Azure Cosmos DB предоставляет встроенную систему управления доступом на основе ролей, которая позволяет:
- Проверка подлинности запросов данных с помощью удостоверения Microsoft Entra.
- Авторизовать запросы данных с использованием детализированной модели разрешений на основе ролей.
Основные понятия
Управление доступом на основе ролей уровня данных Azure Cosmos DB основано на концепциях, которые обычно находятся в других системах управления доступом на основе ролей, таких как управление доступом на основе ролей Azure:
- Модель разрешений состоит из набора действий; каждое из которых сопоставляется с одной или несколькими операциями с базой данных. Примеры действий: чтение элемента, запись элемента, выполнение запроса.

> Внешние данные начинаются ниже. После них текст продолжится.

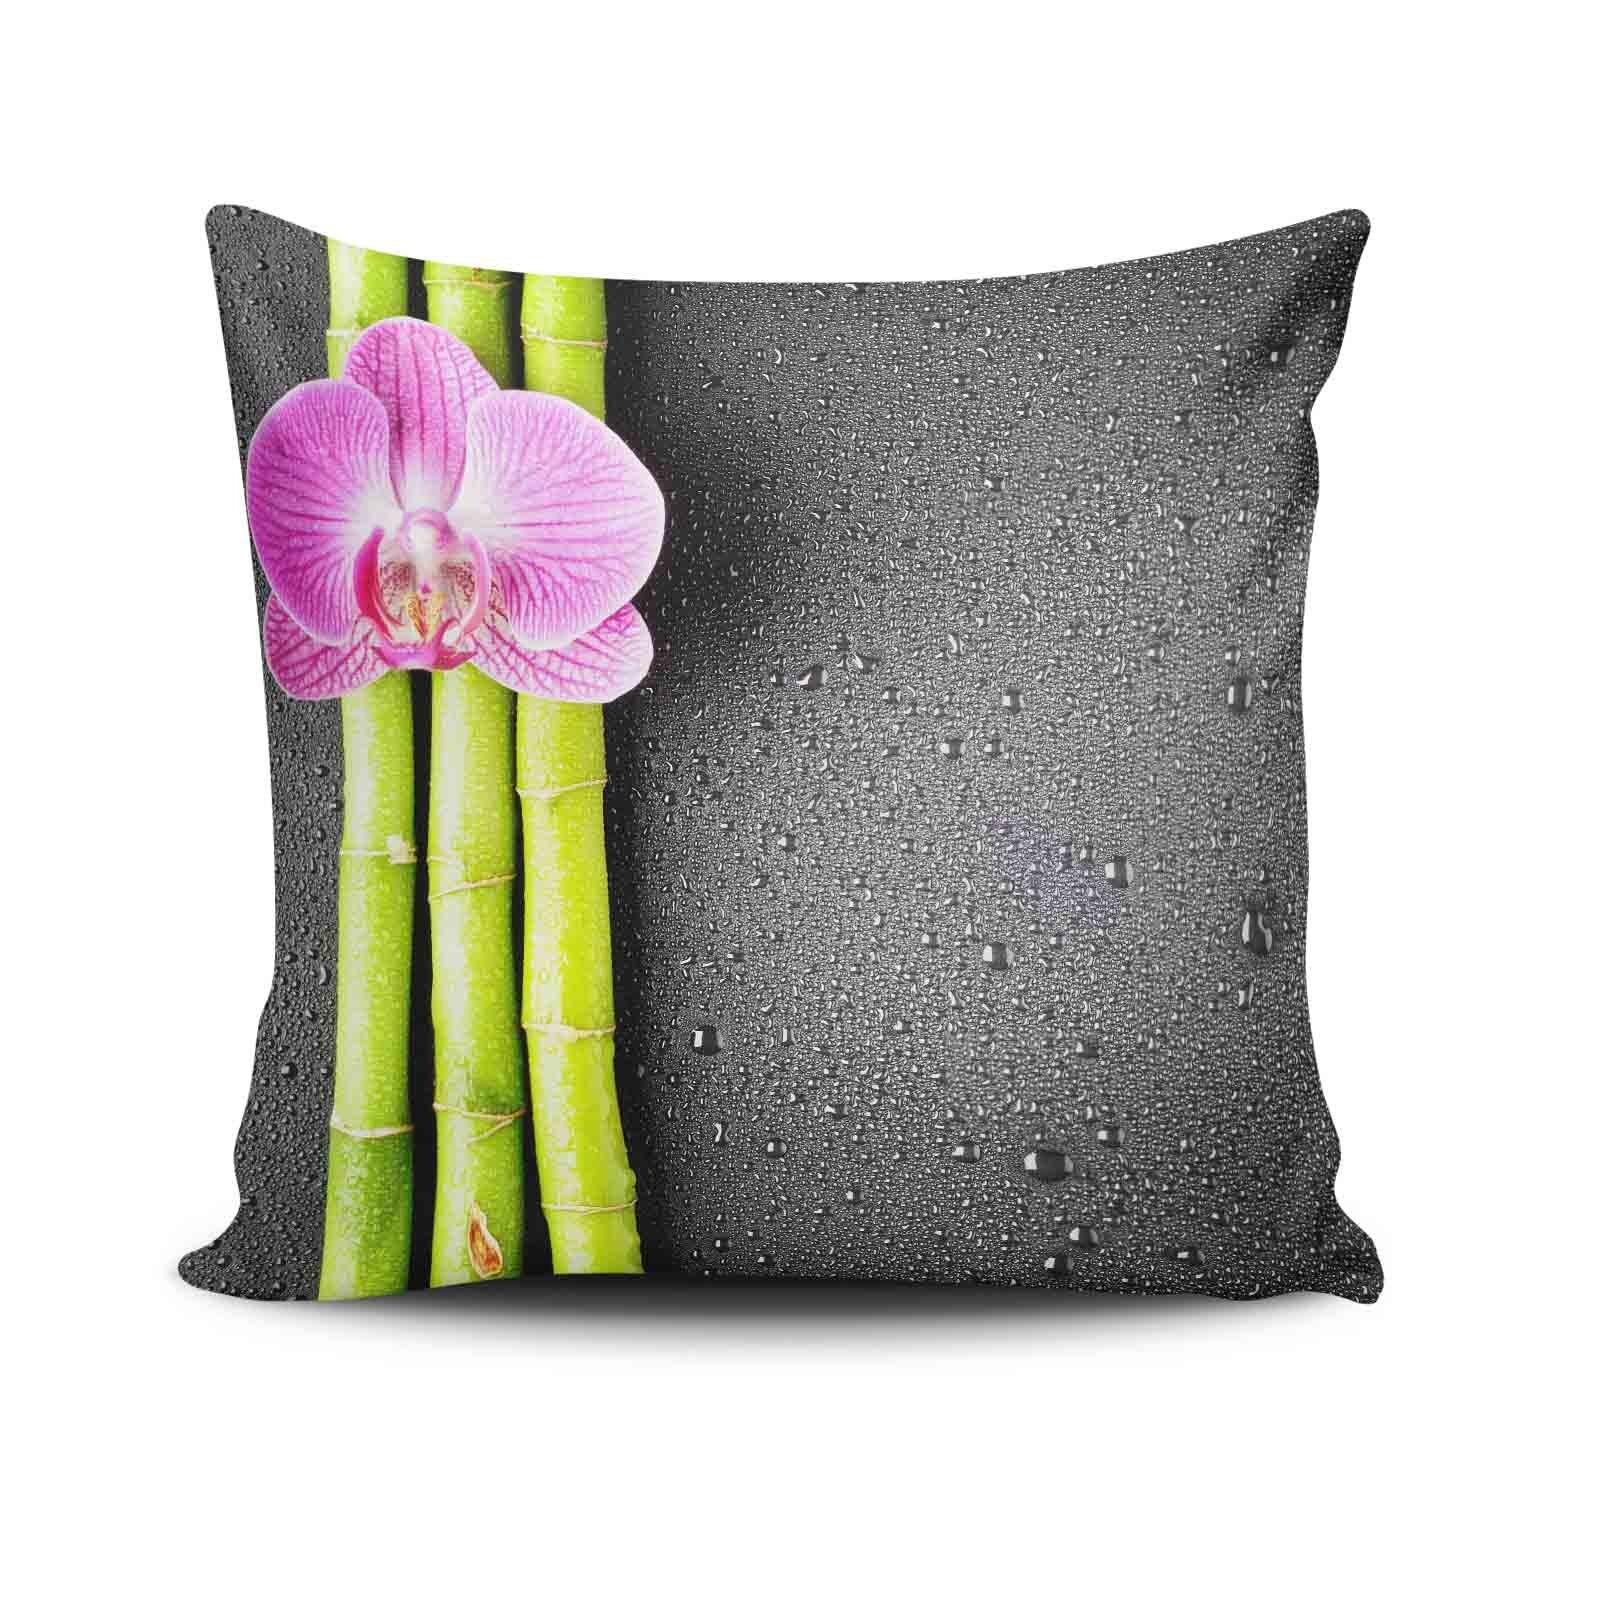 Perna decorativa Cushion Love, Dimensiune: 45 x 45 cm, Material exterior: 50% bumbac / 50% poliester 768CLV0132

- Пользователи Azure Cosmos DB создают определения ролей, содержащие список разрешенных действий.
- Определения ролей назначаются определенным удостоверениям Microsoft Entra с помощью назначений ролей. Назначение роли также определяет область, к которым применяется определение роли. В настоящее время три область в настоящее время:
- Учетная запись Azure Cosmos DB
- База данных Azure Cosmos DB
- Контейнер Azure Cosmos DB
Модель разрешения
Внимание
Эта модель разрешений охватывает только операции с базами данных, которые включают чтение и запись данных. Он не охватывает какие-либо операции управления с ресурсами управления, в том числе:
- создание, замена и удаление базы данных;
- создание, замена и удаление контейнера;
- Пропускная способность контейнера для чтения и замены
- создание, замена, удаление и чтение хранимых процедур;
- создание, замена, удаление и чтение триггеров;
- создание, замена, удаление и чтение пользовательских функций.
Пакет SDK плоскости данных Azure Cosmos DB нельзя использовать для проверки подлинности операций управления с помощью удостоверения Microsoft Entra. Вместо этого необходимо использовать управление доступом на основе ролей Azure с помощью одного из следующих вариантов:
- шаблоны Azure Resource Manager (шаблоны ARM);
- скрипты Azure PowerShell;
- скрипты Azure CLI;
- Доступные библиотеки управления Azure:
Чтение из базы данных и чтение из контейнера считаются запросами метаданных. Доступ к этим операциям можно предоставить, как описано в следующем разделе.
В этой таблице перечислены все действия, предоставляемые моделью разрешений.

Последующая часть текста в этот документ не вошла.